Why Bitcoin Could Outperform Stocks Over the Next 5 Years


  • Bitcoin is getting harder to produce over time, and more buyers are buying it.

  • Public companies face indebtedness, inflation, and high valuations as obstacles.

  • Stocks will probably still be good investments, but Bitcoin might be better.

  • 10 stocks we like better than Bitcoin ›

They say absence makes the heart grow fonder, but in markets, scarcity often makes prices grow faster. Investors balking at stretched stock valuations, macroeconomic turmoil, and governments drowning in IOUs have a challenging task ahead: Find an alternative store of value that can still compound wealth.

Enter Bitcoin (CRYPTO: BTC), an asset that offers a respite from inflation, and, thanks to a hearty amount of institutional capital flowing in every week, no longer sits at the fringe. If its fundamentals and adoption trajectory hold, the next five years could tilt decisively in its favor, making holders a lot richer along the way.

Bitcoin’s protocol hard-codes a lifetime limit of 21 million coins. That’s the foundation for its stability against fiat currencies like the dollar, and it’s also one of the main factors that could drive it to outperform against stocks.

Roughly 19.8 million Bitcoins already exist, and April 2024’s halving chopped its supply to approximately 478 coins mined per day. That shrinking trickle of supply contrasts sharply with the macroeconomic backdrop, in which global debt climbed to $324 trillion in the first quarter of 2025, a $7.5 trillion jump in three months.

The Bitcoin logo floats in a cyberspace background embossed with circuit board prints.
Image source: Getty Images.

The repayment of the interest generated by that debt could be a significant drag on growth across many companies and industries, as it’ll reduce the capital they can sock away for the purpose of reinvestment as well as for dividends and share repurchases. And that’s before even taking into account the detrimental impact of issues like inflation, which may be rearing its head yet again as a result of the Trump administration’s global trade war and tariff policies.

Despite facing this uncertainty and the debt overhang, stocks have rarely been pricier. The S&P 500‘s price-to-earnings (P/E) multiple hit 28.7 in early June, well above its five-year average, and implying slimmer future returns unless earnings surprise to the upside.

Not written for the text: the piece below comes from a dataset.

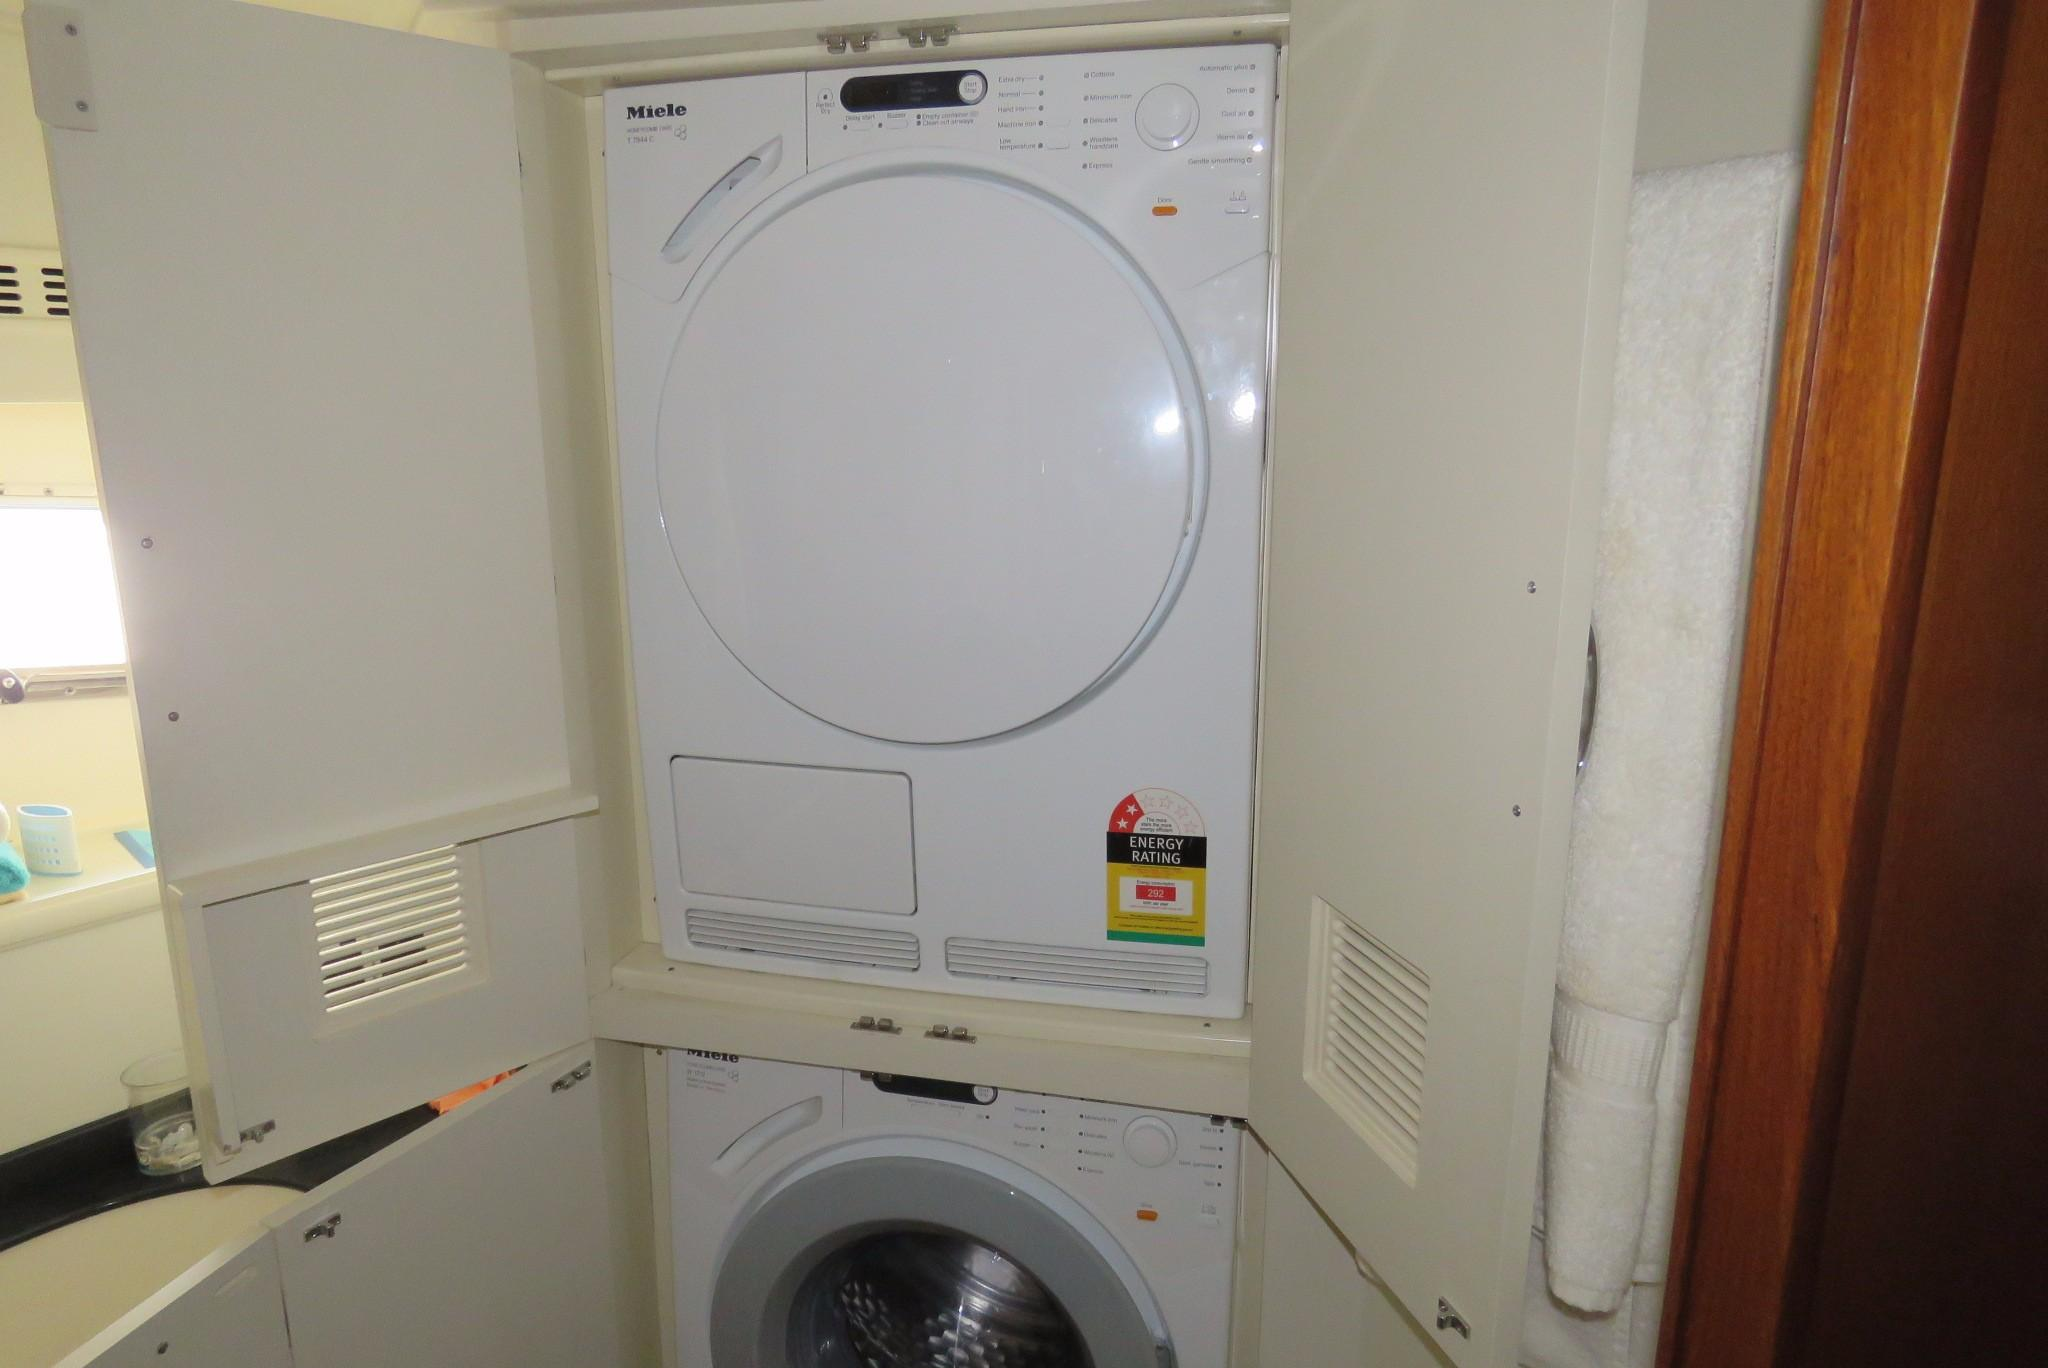 59 Grand Banks Washer Dryer
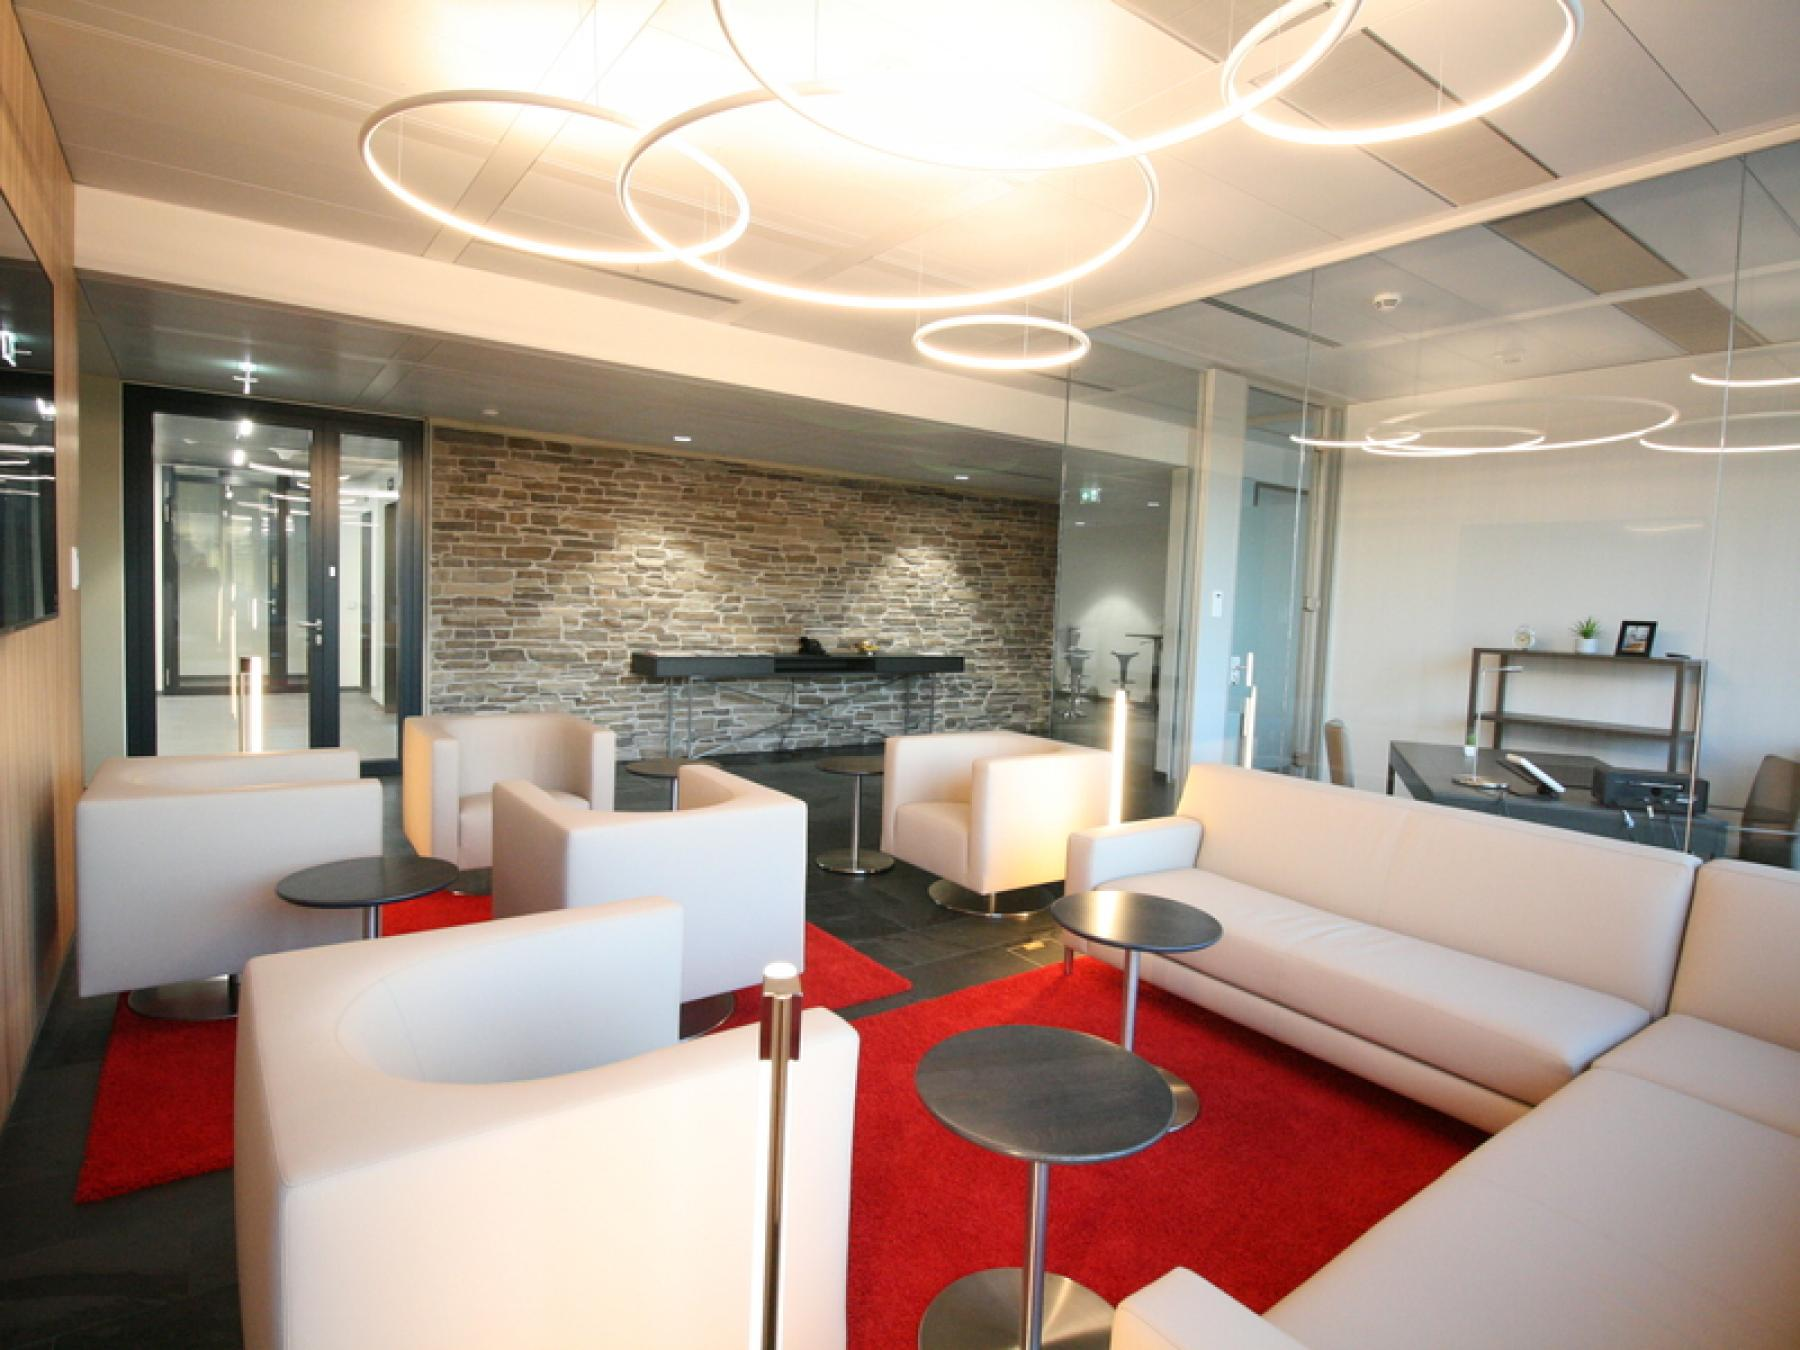 Moderne Business Lounge im Bürogebäude in Wien

Valuation is not destiny. There are often many reasons why individual stocks are valued richly, most commonly that their fundamentals or business model are so favorable that they can reasonably be expected to outperform the typical business. But when the entire market is looking a bit pricey, that narrative becomes harder to believe, as it implies that everything is going to grow at a moderate to fast clip.